Cant is the tilting or rotation of a rifle about its long axis. Canting the rifle differently from shot to shot varies the point of impact of the bullet on the target. Rotating the rifle to the right moves the impact point to the right and down; rotating the rifle to the left moves the impact point to the left and down.

Bob Fitzgerald is one of the better and more reliable offhand shooters in the Old Colony Sportsman’s Association, and he holds the rifle at a substantial cant angle. Cant doesn’t bother his shooting because he holds the rifle at the same angle for each shot.

The most important thing to know about cant is that if the rifle is positioned the same for each shot, then there is no change of the impact point of the bullet from shot to shot.

More precisely, cant is the rotation of the rifle about the axis going through the sights and the center of the target. The shooter will keep the sights aligned with the center of the target, and canting will rotate the rifle about the line going through the sights and to the target. As the rifle is rotated the impact point of the bullet moves in a circle of radius = drop of the bullet and center at the zero cant impact point - drop. Let’s say that the drop is 6” over some range, and you have zeroed the rifle with no cant. Canting the rifle moves the bullet through a circle of 6” radius, and the center of the circle is 6” below the beginning, zero cant impact point.

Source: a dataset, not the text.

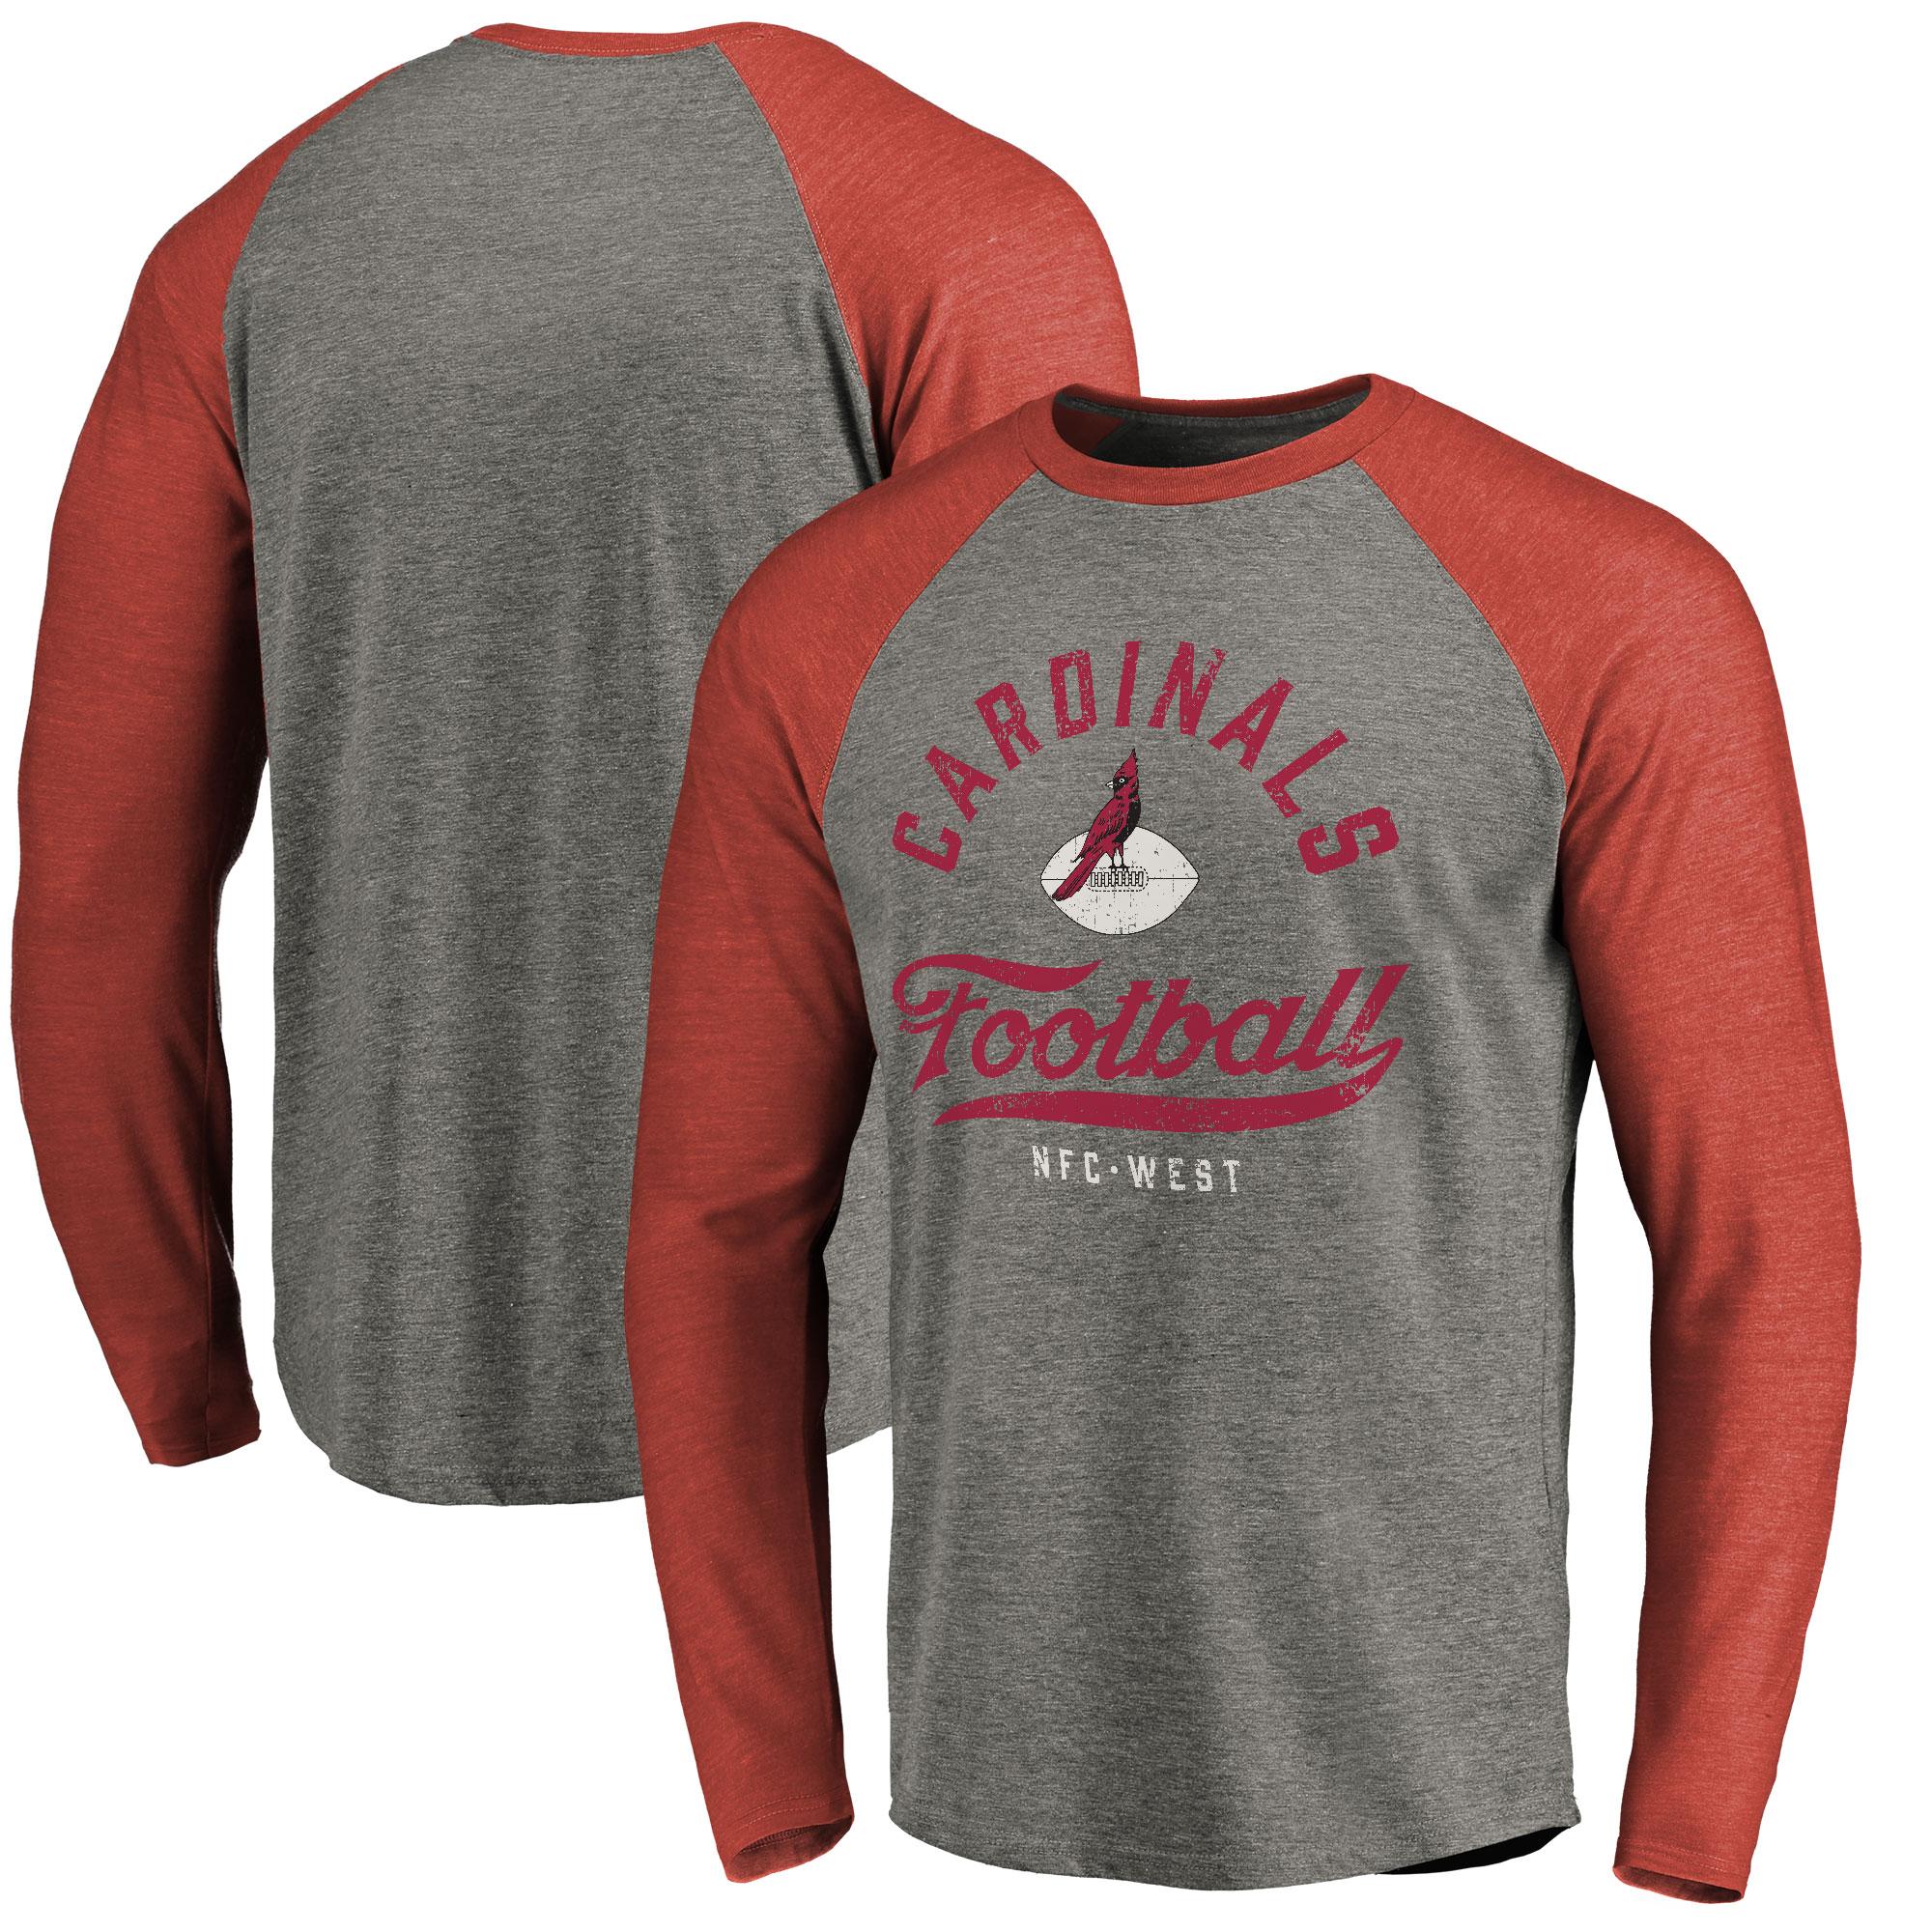 Arizona Cardinals NFL Pro Line by Fanatics Branded Emblem Raglan Tri-Blend Long Sleeve T-Shirt - Heathered Gray/Cardinal

Let R = radius and C = the cant angle in degrees, then horizontal deflection of the impact point = R  Sin C  and vertical deflection = -R-(R  Cos C.)

The movement of the impact point is a function of the bullet drop and the angle of cant.

For any cant angle up to 10 degrees or so, the amount of vertical shift is a small fraction of the horizontal shift, and can be ignored for most applications.

Drop is a function of muzzle velocity and the Ballistic Coefficient (BC) of the bullet, and is easily estimated on a personal computer using one of the ballistics programs that are readily available.

A plain base cast bullet has a typical BC of .4, and is fired at around 1400 feet per second (f/s.) That bullet will drop 9.5” in 100 yards and 1449” in 1000 yards.

Canting the rifle to the right, for example, moves the impact point to the right and down thus:

A typical .30 caliber jacketed bullet might have a BC of .5 and muzzle velocity of 2700 f/s. That bullet will drop 2.5” at 100 yards and 414 inches at 1000 yards.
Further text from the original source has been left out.